Biomass Crops to Enhance Water Quality
Session Chair: Stephen F. John, Agricultural Watershed Institute
The introduction of dedicated biomass crops for renewable energy creates an opportunity to enhance water quality by strategically locating and managing these deep-rooted perennials on the Illinois agricultural landscape. This session will highlight projects currently underway that are designed to combine perennial biomass production with water quality and other environmental benefits and also support stronger rural economies. Where possible, water quality results from watershed-scale projects will be presented. Presenters will address such topics as: woody and herbaceous biomass crops well suited to areas subject to flooding or ponding; synergies and trade-offs between multiple objectives including biomass yield, water quality enhancement, and wildlife habitat; biomass production in saturated buffers managed to reduce nutrient losses from tile-drained cropland; sediment and nutrient reductions achievable with 10% to 20% perennial cover; and multifunctional cropping systems that mix annual and perennial crops for sustainable agricultural production and improved environmental outcomes.
1. Stephen F. John
Steve John is the co-founder and executive director of the Agricultural Watershed Institute, a nonprofit research organization based in Decatur, Illinois. AWI's Local Bioenergy Initiative is addressing the environmental benefits of perennial energy grasses. Prior to AWI's formation, Mr. John was an environmental planning consultant. From 1987 to 1995, he served on the Decatur City Council and was active in watershed management to protect Lake Decatur. He serves on the steering committees of the Green Land Blue Waters Consortium and the Illinois Biomass Working Group. He has a B.A. in Sociology from the University of Notre Dame.

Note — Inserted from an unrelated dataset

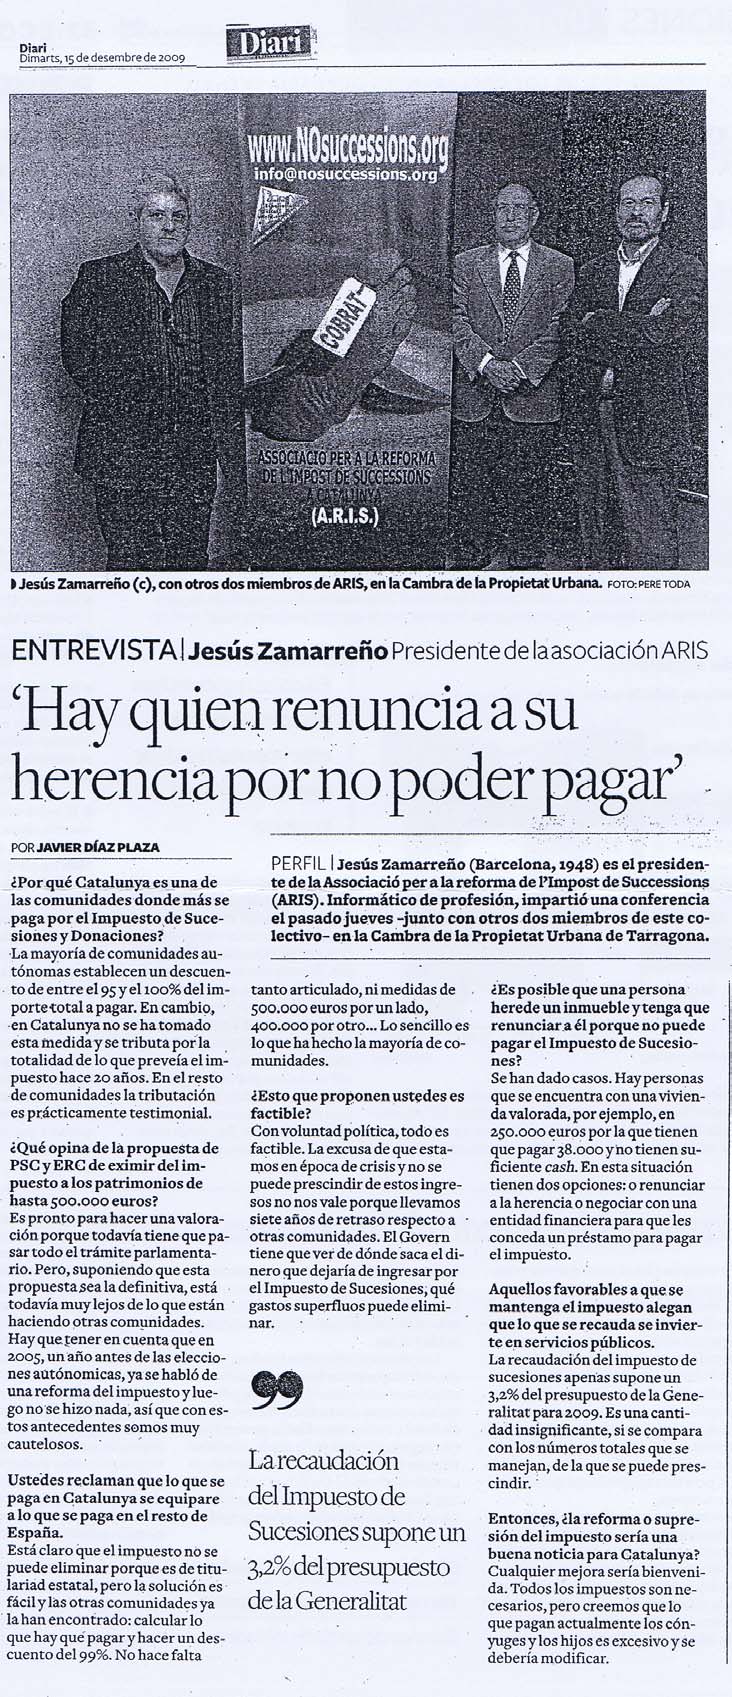 15/12/2009 -  DIARI DE TARRAGONA - Entrevista Jesús Zamarreño, Presidente de la Asociación ARIS: "Hay quien renuncia a su herencia por no poder pagar" DdT151209

Abstract: Experimental watershed projects as a research platform for co-production of cellulosic biomass and ecosystem services
In many Corn Belt watersheds, the percentage of total land area devoted to grassland is in the single digits. Much of the grass acreage in prime row crop areas is enrolled in the Conservation Reserve Program or other programs that generally prohibit harvesting biomass as a forage or bioenergy crop. A number of stakeholder-led projects around the U.S. are beginning to focus on perennial grasses grown for biomass and environmental benefits. The Upper Sangamon River Watershed in Central Illinois offers a case study of ongoing efforts to combine biomass production with water quality enhancement. A major question is how much nutrient and sediment load reduction is achievable through targeted conversion of a relatively small percentage of the landscape to perennial biomass crops, and at what cost? Biodiversity and wildlife habitat enhancement are additional goals in the Upper Sangamon watershed and other biomass projects. Such projects provide opportunities for environmental and agricultural scientists to engage with conservation professionals, agricultural producers, and other stakeholders for mutual benefit. Scientists can apply knowledge gained from plot research on the broader landscape and test models designed to address the challenge of balancing agricultural production and environmental outcomes. Mechanisms to compensate land managers for the value of ecosystem services, including but not limited to nutrient retention and carbon sequestration, may be an important factor in the economic viability of biomass crops. Expert-stakeholder collaboration in experimental watersheds can form a test bed for identifying agricultural policies and practices to optimize multiple benefits of cropping systems with significantly more perennial land cover.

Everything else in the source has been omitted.